Update fluence to use flux-sched 0.31.0 and build from kubernetes-sigs/scheduler-plugins

vsoch commented 7 months ago

This is the first part of a two part refactor that will update the current main branch with enough changes to be in the "same" state, but with updated underlying libraries and building from kubernetes-sigs/scheduler-plugins.

Summary

Specifically:

the current scheduler-plugins directory is renamed to src to make it clearly the source code https://github.com/flux-framework/flux-k8s/commit/5dd90af286f91b2cf1b082d3f54107e73ef5f999
the Dockerfile is updated to use the flux-sched latest (which is version 0.31.0) https://github.com/flux-framework/flux-k8s/commit/2c29a650f42ecaa3f260f785ff5247e9df239607. This commit was enough to build the container, although I had not tested yet. The corresponding changes in the README/build I was writing as I was testing, so wasn't able to easily separate.
I have found that remembering how to do all the builds is hard, so I added a Makefile that can do them in isolation, or all at once. https://github.com/flux-framework/flux-k8s/commit/22b3bfe5f3d16f32dca1220abdb7520e0ed72687
Of course then at the end I saw that we were still importing the old hlapi from @cmisale branch! Oups (I think I missed this). So I needed to figure out updating the module (required a go get with the commit for 0.31.0) and then updating all of the code to use it. https://github.com/flux-framework/flux-k8s/pull/47/commits/105562e4662e86a1b8ce1e19762678a6c0dd6309

Notes and Questions

My one question for the last commit is about the error code we pass here:

- dr := &pb.CancelResponse{JobID: in.JobID, Error: int32(err)}
+ dr := &pb.CancelResponse{JobID: in.JobID}

I didn't understand it because we would return from the function is the error is less than 0 (indicating an error). So then wouldn't the error value passed not be reflective of the job itself, but of the error of cancelling it? If we want the error code there to be for the job (why the job errored) we would need to find that somewhere. if it's for cancel, then it's always going to be 0 (and we can explicitly set it or leave it out). I just wanted to double check that I understand the logic.
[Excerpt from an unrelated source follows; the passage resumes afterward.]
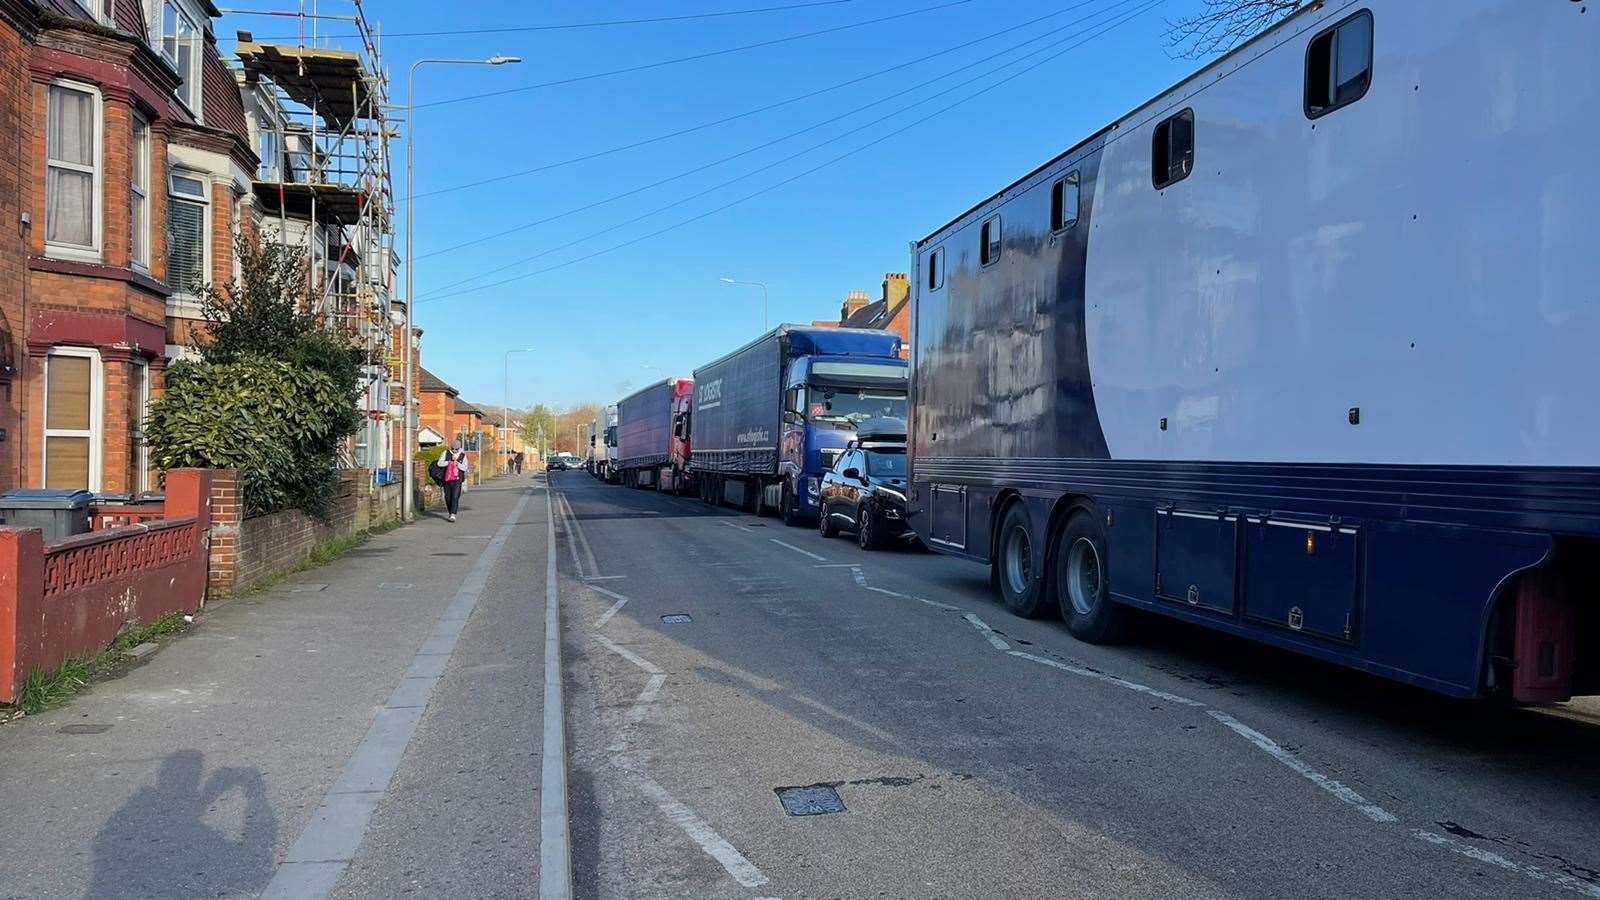 Lorries going nowhere in the streets of Dover. Picture: UKNIP

Note that I did the above carefully pinning flux-sched 0.31.0 (most recent release) both for the build and module import. I think we will likely want to update this when we can get SHARED instead of STATIC (and remove the sed statements in the Dockerfile.

Finally, the next step (after this work) and aside from the issue with SHARED libraries above is to add the automated builds/testing that happen regularly, and push of tags that correspond to that. I wanted to do it in two pieces because this PR is already too big!

Ping @cmisale @milroy

milroy commented 6 months ago

I looked at the PR but haven't officially reviewed it because the item @vsoch identified in the last commit requires some thought.
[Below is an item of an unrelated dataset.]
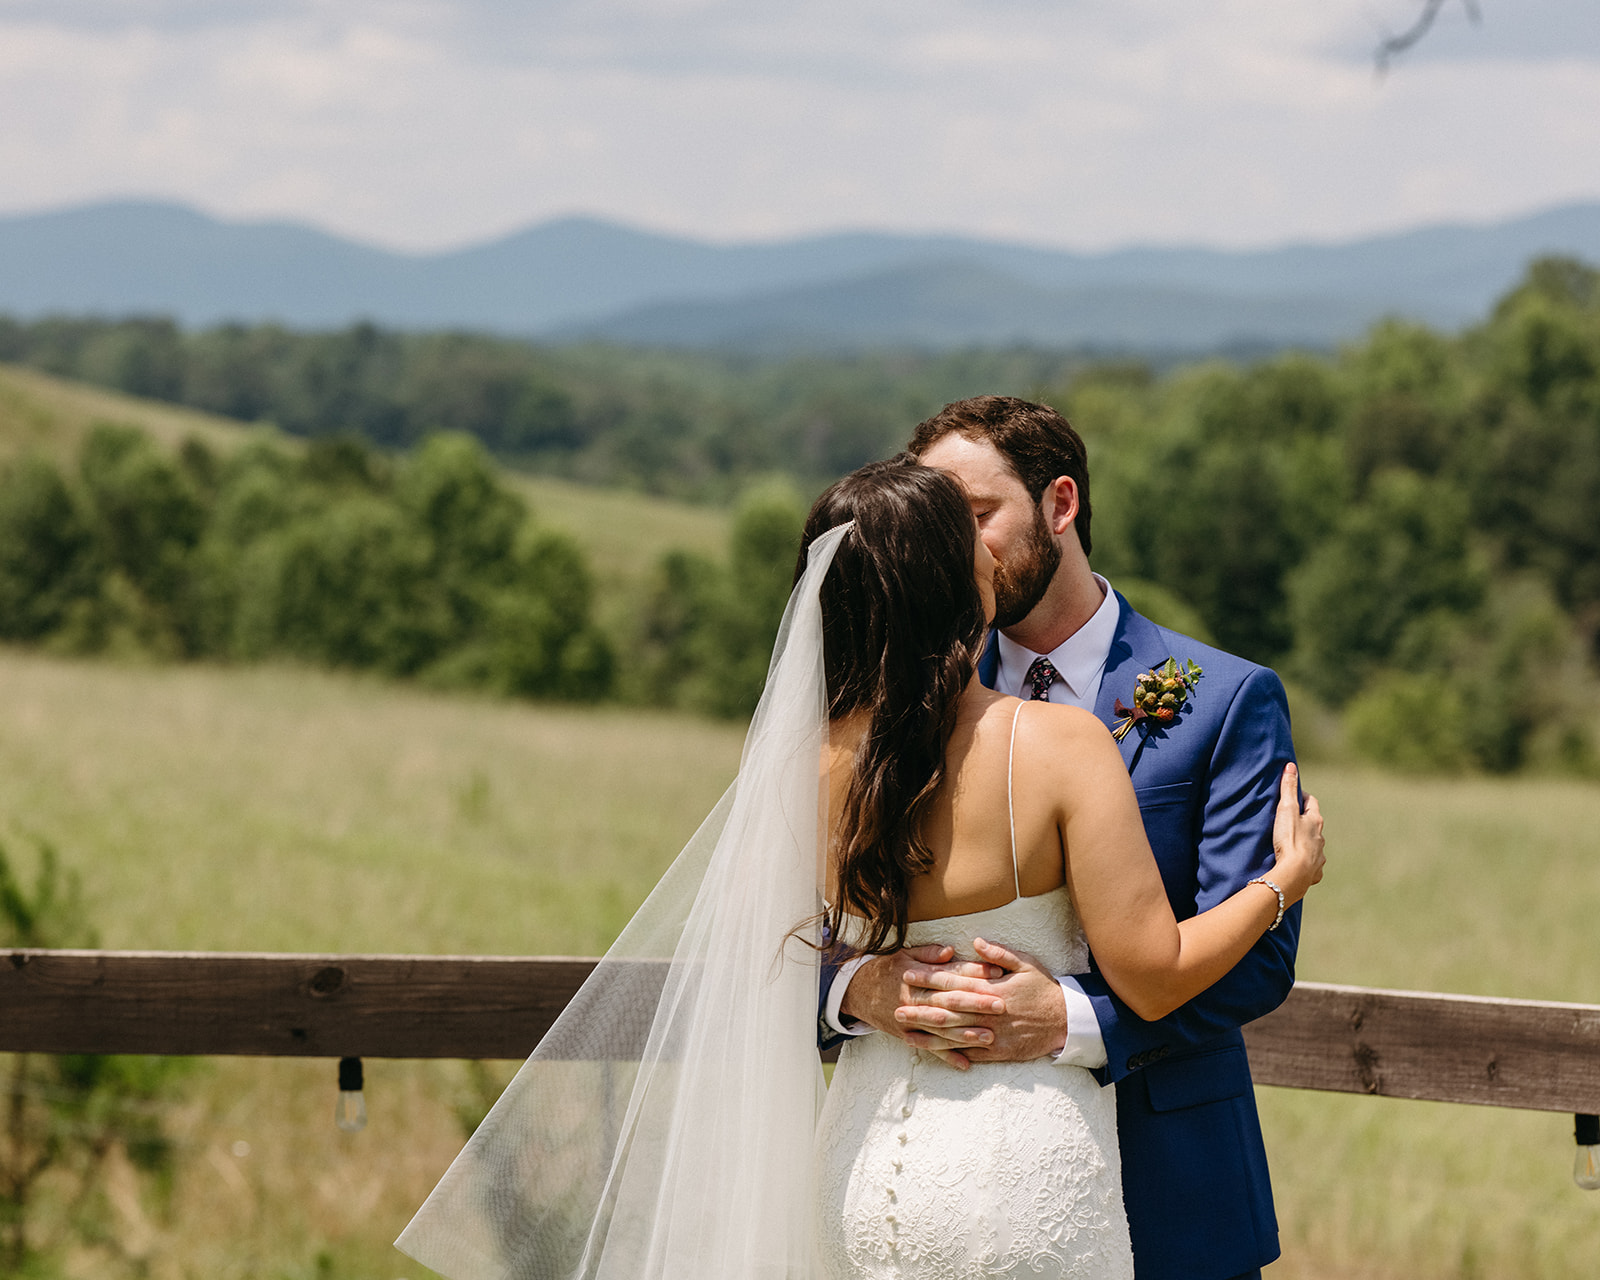 Weston and Sheena's first look outside the chapel, captured by an Atlanta wedding photographer

I didn't understand it because we would return from the function is the error is less than 0 (indicating an error).

That is my interpretation, too. Note that the CancelResponse struct defined here and message defined here require an error data member. Perhaps a partially-defined CancelResponse implies default values for unspecified member data? I'm not familiar with gRPC Protocol Buffers.
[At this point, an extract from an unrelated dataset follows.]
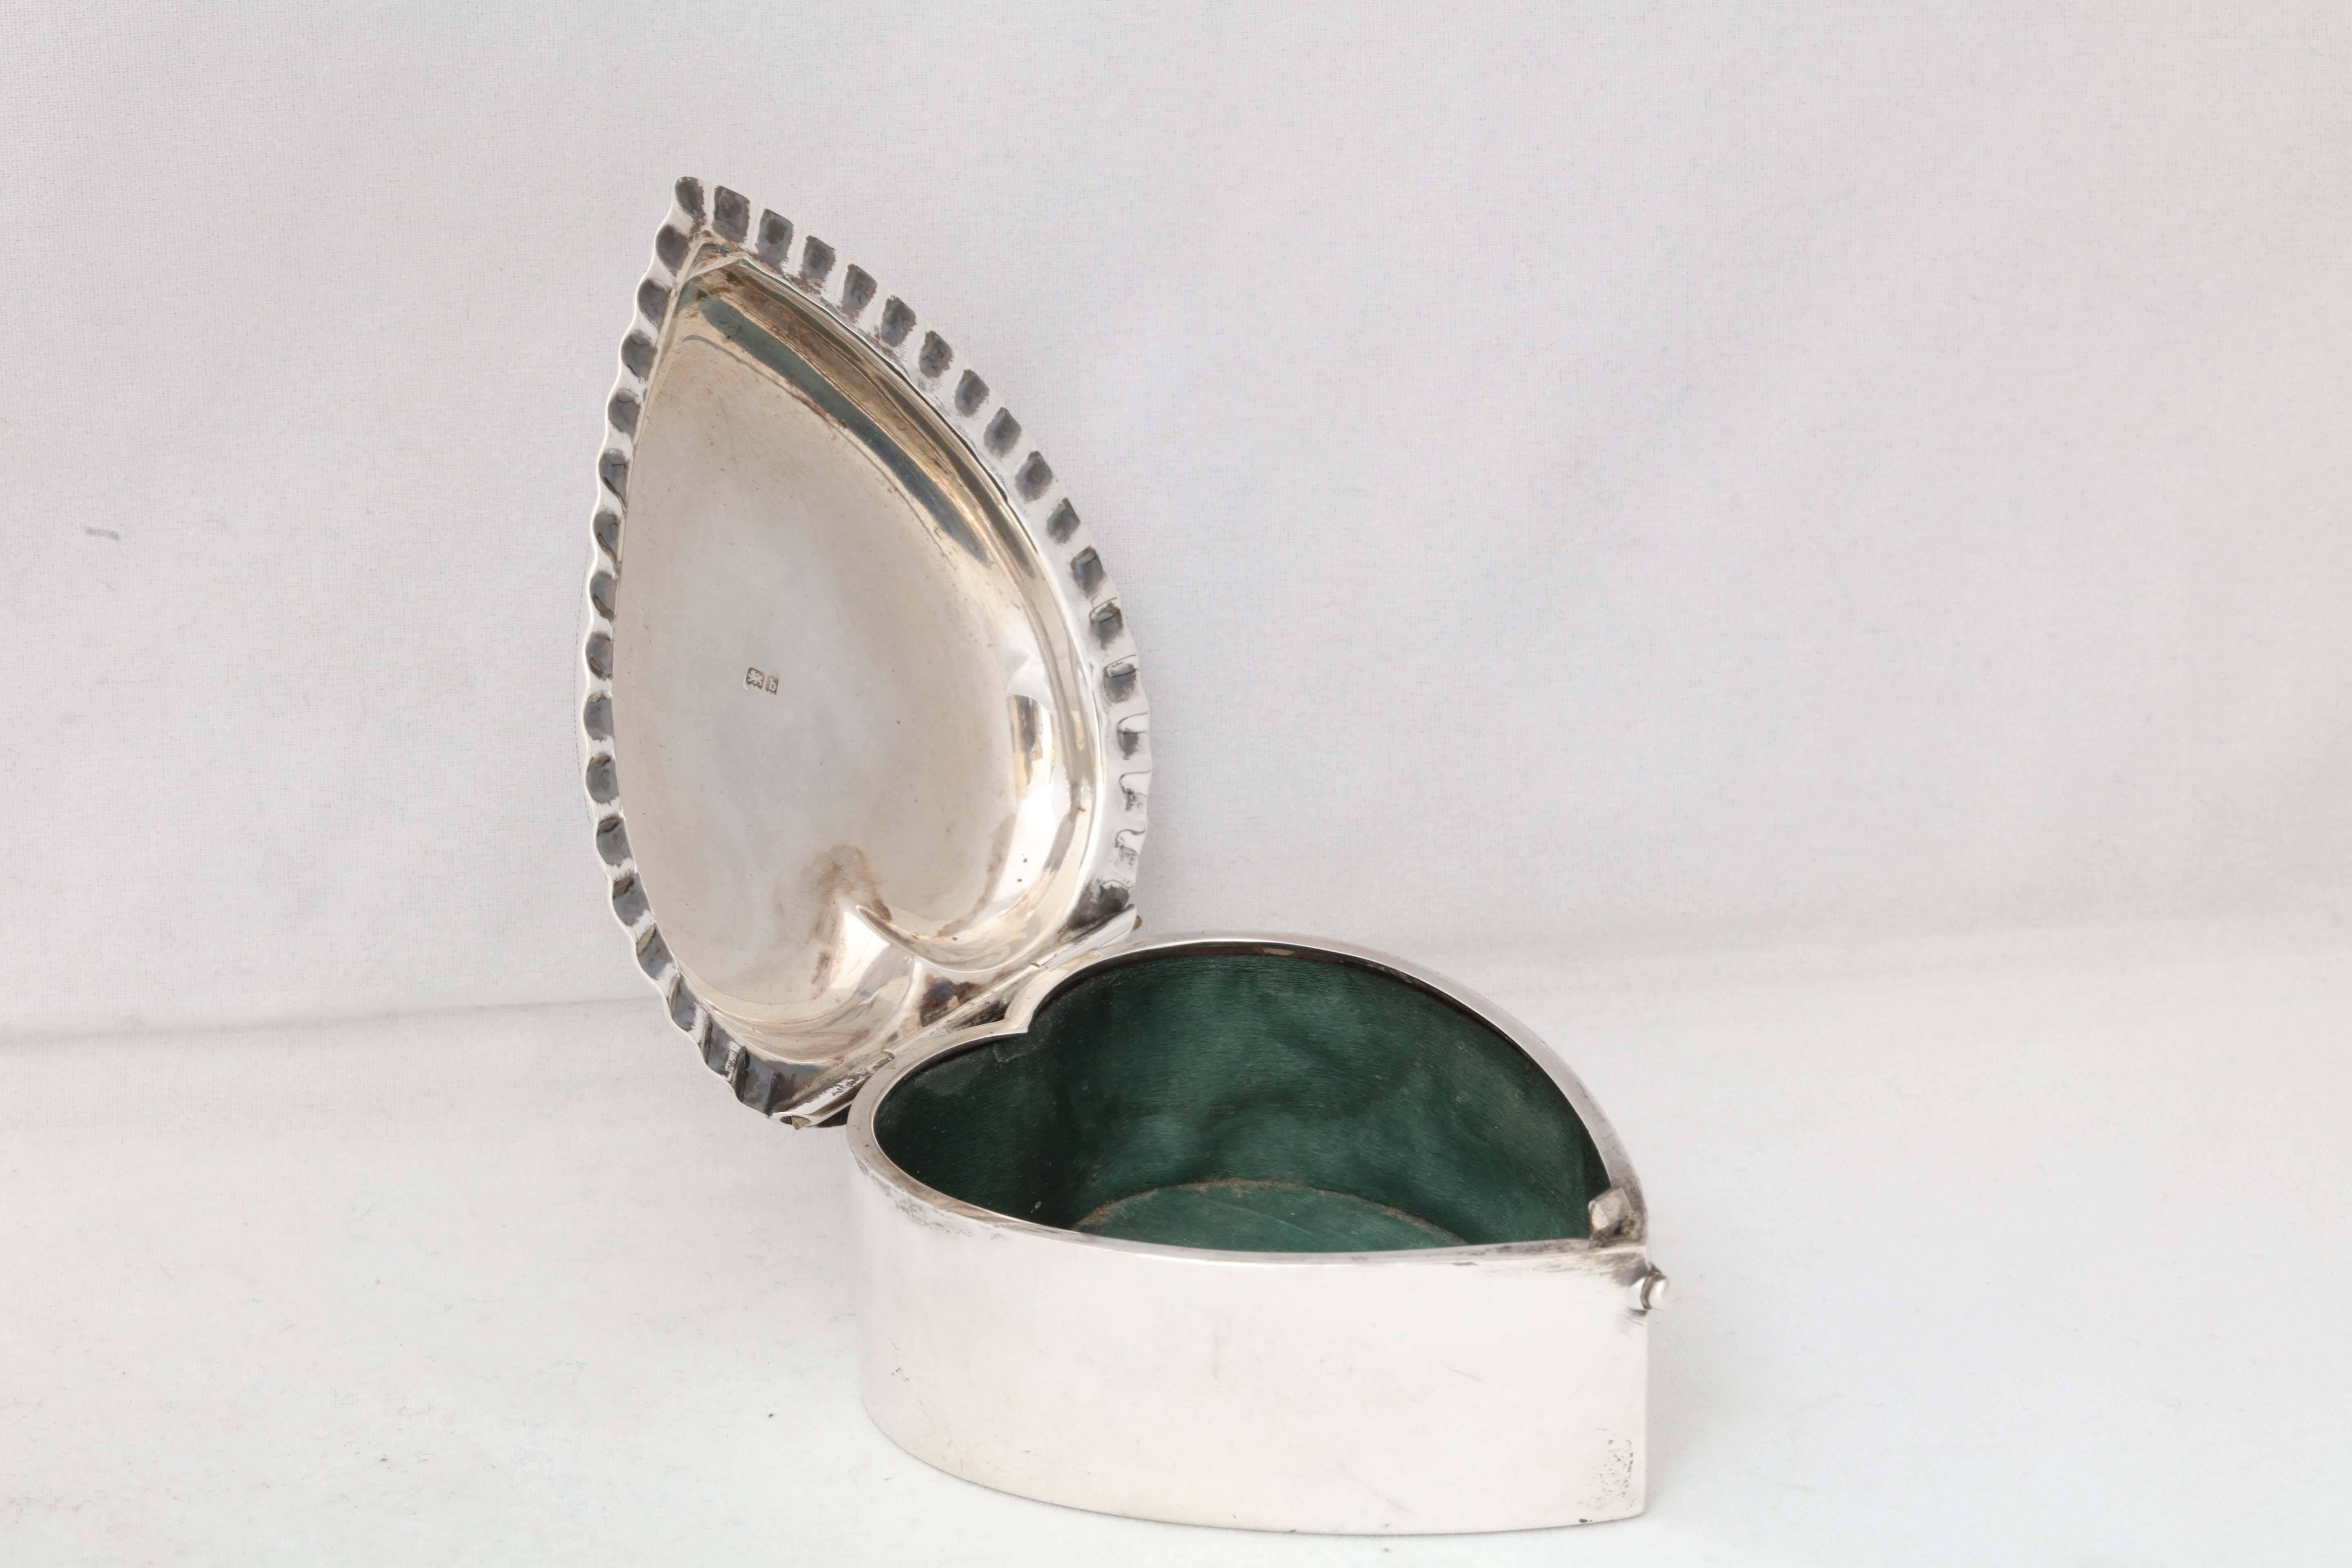 English Edwardian Sterling Silver and Agate Heart Form Box with Hinged Lid, Irish Motif

So then wouldn't the error value passed not be reflective of the job itself, but of the error of cancelling it?

There's one more layer of complexity, I think. s.cli.Cancel can return an error, but the actual cancel graph traversal can return a different error (evidenced by this call: https://github.com/flux-framework/flux-k8s/blob/93b17961473d695e0f0f48e5734fd53113267437/scheduler-plugin/fluence/fluxion/fluxion.go#L62)

On a related note, the other issue I see is that Cancel is also invoking Info. I think that was originally for debugging, but it's not expected behavior in Fluxion.

@cmisale can you weigh in here?

vsoch commented 6 months ago

@milroy thanks for the preliminary review! I will also await @cmisale feedback, but I would say for the work here, we should try to separate these questions / issues from the updates that need to go in soon, which predominantly are getting automated builds and testing in, and fluence back into a working state. My suggested order of steps are:

After review, merge this PR and #49 (this gives us automated testing and updates fluence to work again)
Then discuss the new issues we found here related to cancel (and fix them, I can offer to do work that is needed)
Then these issues for our experiments so we can sanity check fluence working (as it did before) in Google Cloud (with Pod Group)
When that is working, come back to the issues we discussed today about a pod group strategy

The other thing I noticed (that I didn't mention today, but I did put in slack chat) is that the experiments we ran for canopie used a pod group with the same name - "lammps" - which would mean that all the (different) lammps groups coming in would be treated in the same group. Depending on how it was run (e.g., with only one group of lammps in at a time) that might be OK, but I wanted to double check! Here is the original experiment file. The metadata-> name of the pod group is always lammps, so all experiments that were running lammps at the same time would be considered part of the same group.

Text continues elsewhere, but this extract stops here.